You can change or update your positive or negative preferences for receiving commercial electronic messages, which you have given at a later time, when you sign up for the website or mobile application of the electronic commerce platforms operated by Moodart, by accessing the "My Account" section.

Termination of membership does not mean withdrawing your consent to receive commercial electronic messages. For this reason, be sure to complete all the procedures to revoke your consent.

In terms of cookie management, you can follow the steps specified in our Cookie Policy.

k. Personal Data Sharing with Official Authorities

Moodart , your personal data regarding your visit or subscription to electronic commerce platforms and mobile applications operated by Moodart, and your traffic information such as your navigation information; Legally request this information in order for Moodart to fulfill its obligation under the law (in cases where Moodart has a legal or administrative obligation to notify or provide information, including but not limited to the fight against crime, the threat of state and public safety, etc.) It will be able to share it with public institutions and organizations authorized to do so.

l. Cookie Usage and Management

You can review our Cookie Policy for detailed information about the cookies used by Moodart, types of cookies, their purposes, storage periods and cookie management.

2. Terms of Deletion, Destruction and Anonymization of Personal Data

Moodart stores the personal data it processes through its website, mobile application or mobile site for the periods stipulated by the relevant laws and/or for the periods required by the purpose of processing, pursuant to articles 7, 17 of the KVK Law and article 138 of the Turkish Penal Code. In the event that these periods expire, it will delete, destroy or anonymize Personal Data in accordance with the provisions of the Regulation on the Deletion, Destruction or Anonymization of Personal Data.

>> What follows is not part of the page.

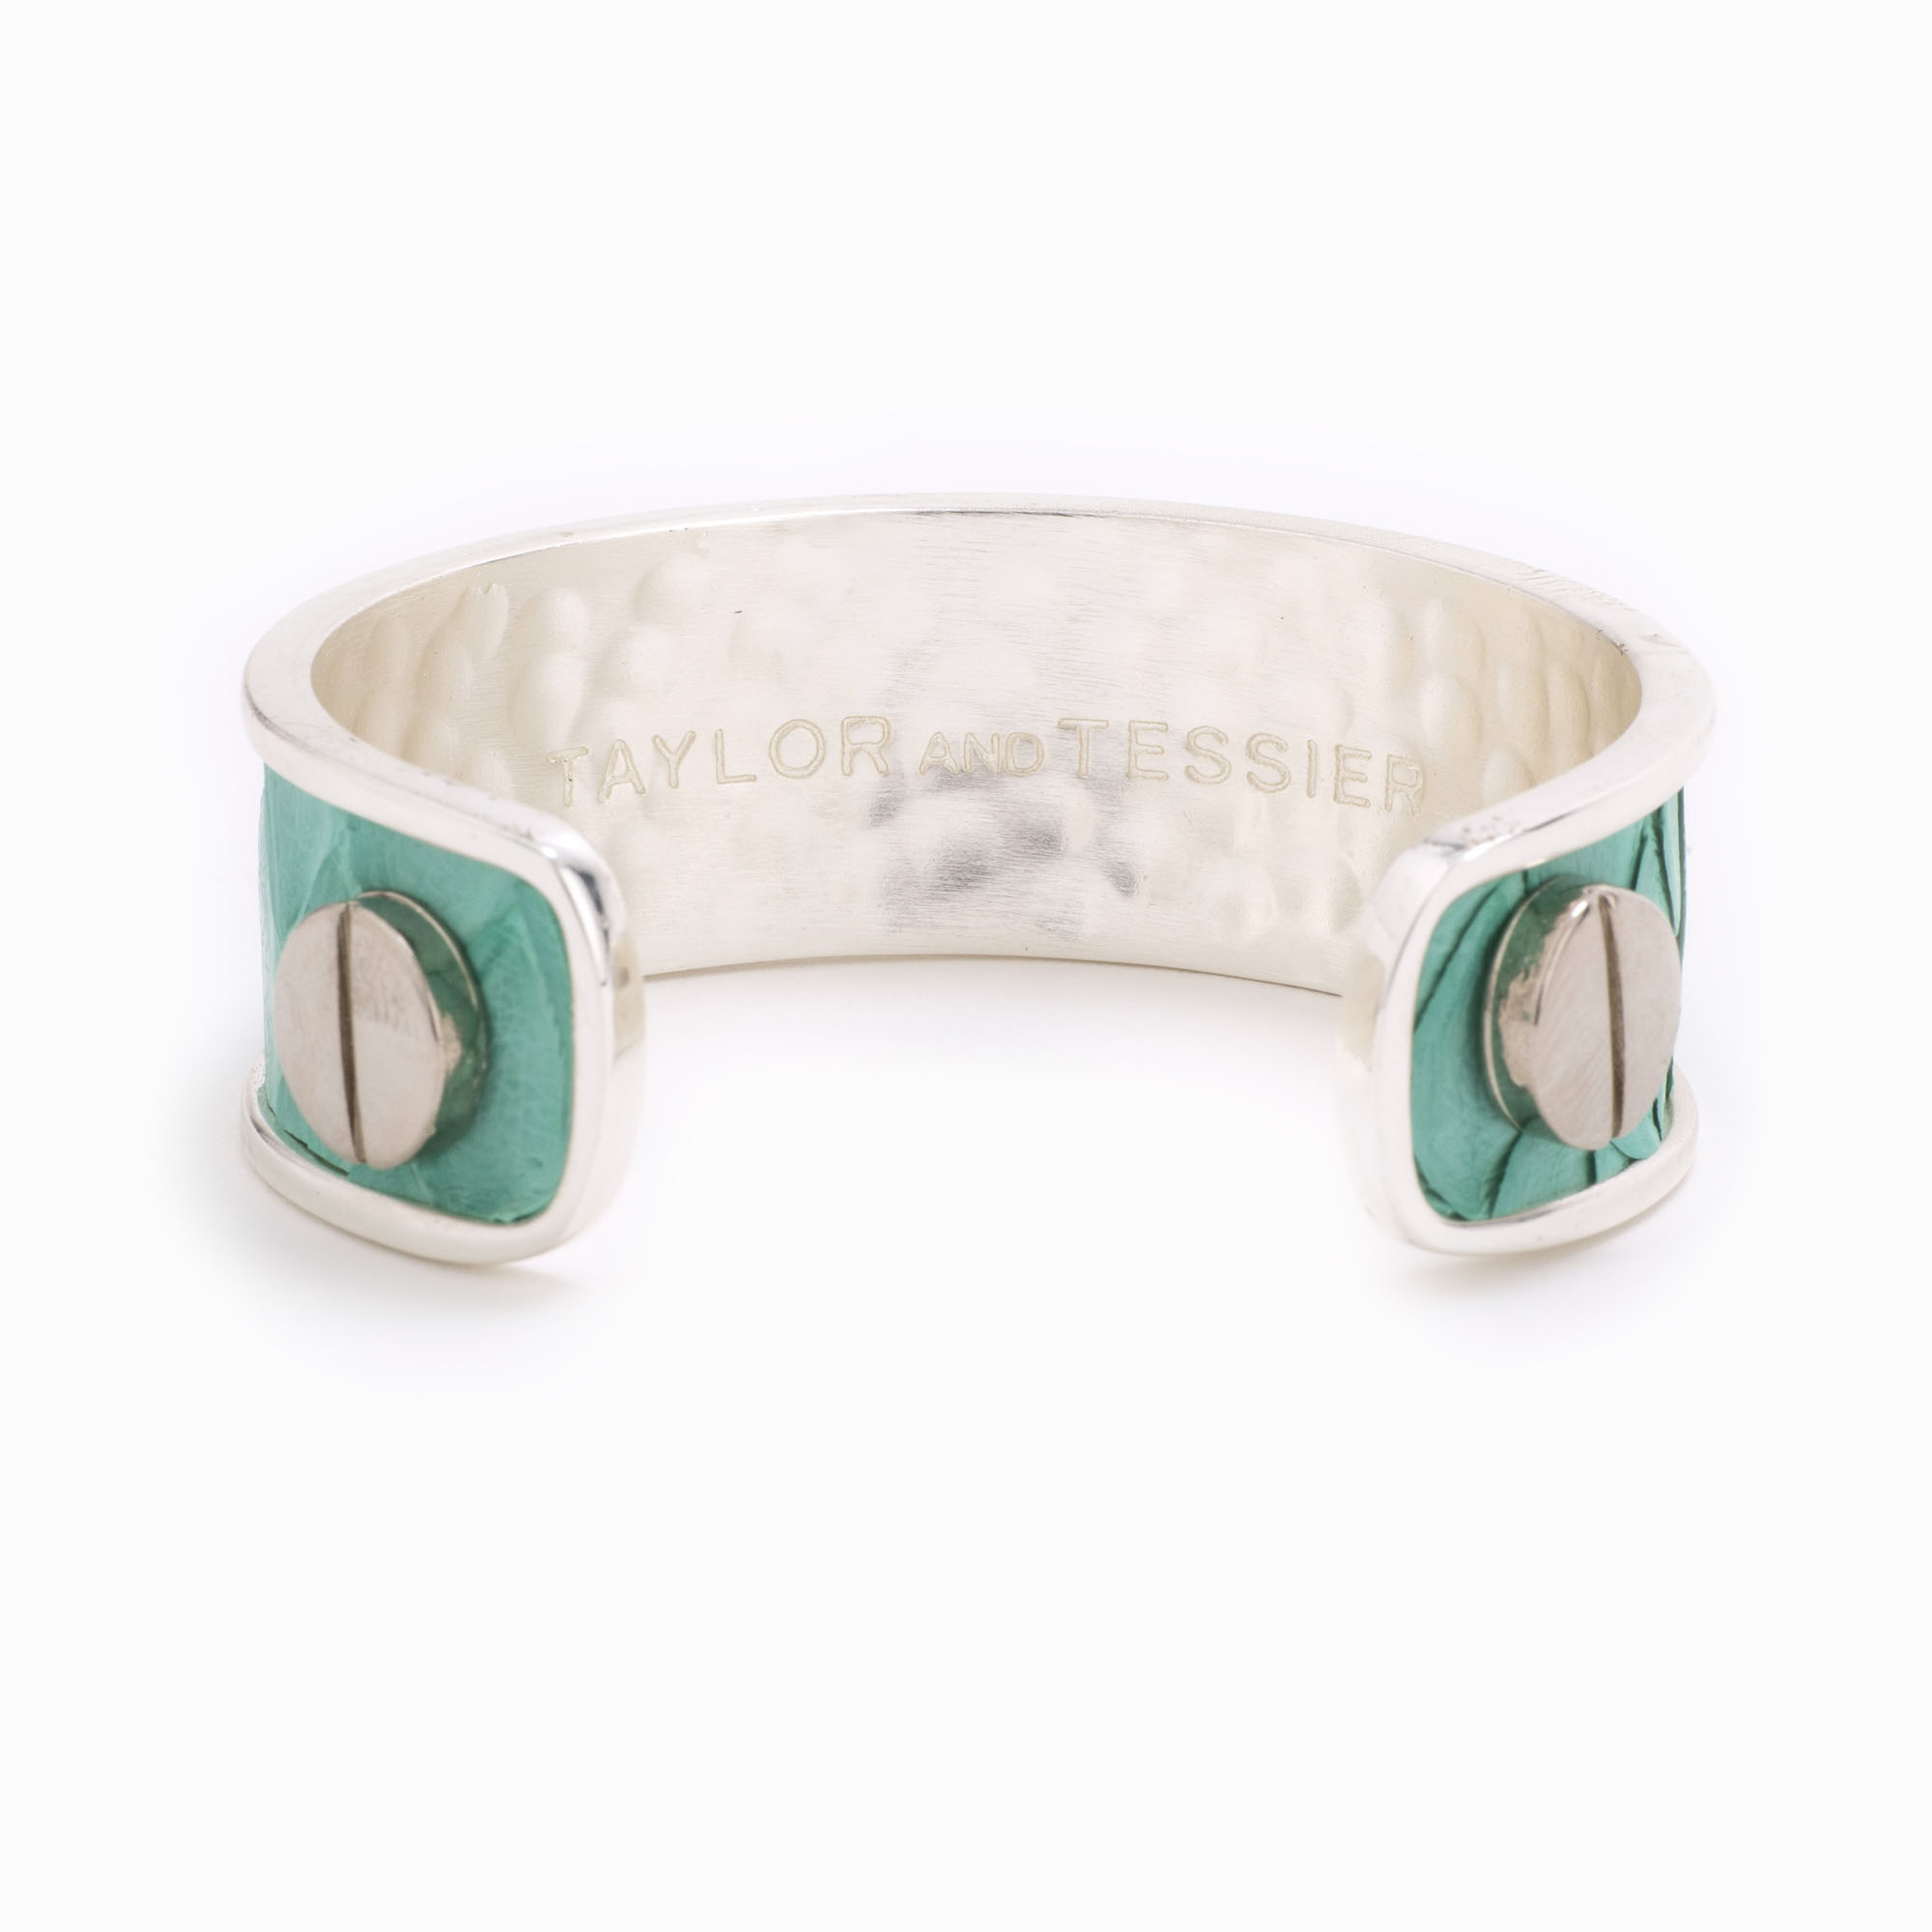 A medium silver cuff with turquoise colored snakeskin pattern inlaid.

The deletion of personal data by Moodart means the process of rendering personal data inaccessible and unusable for the relevant users in any way. Moodart creates and implements a user-level access authorization and control matrix for this. It takes the necessary measures to perform the deletion in the database.

Destruction of personal data by Moodart means the process of making personal data inaccessible, unrecoverable and unusable by anyone in any way.

Anonymization of personal data by Moodart means that personal data cannot be associated with an identified or identifiable natural person under any circumstances, even if it is matched with other data.

Moodart explains in detail the methods of deletion, destruction and anonymization and the technical and administrative measures it takes within the scope of the Personal Data Storage and Disposal Policy prepared in accordance with the Regulation on the Deletion, Destruction or Anonymization of Personal Data. In this Policy, the period of time for the periodic destruction stipulated by the Regulation is determined as 6 months.

3. Changes to the Privacy/Personal Data Protection Policy

Moodart can make changes to this Privacy/Personal Data Protection Policy at any time. These changes will become effective immediately upon the publication of the amended new Privacy/Personal Data Protection Policy. You, our members, will be informed about the changes in this Privacy/Personal Data Protection Policy.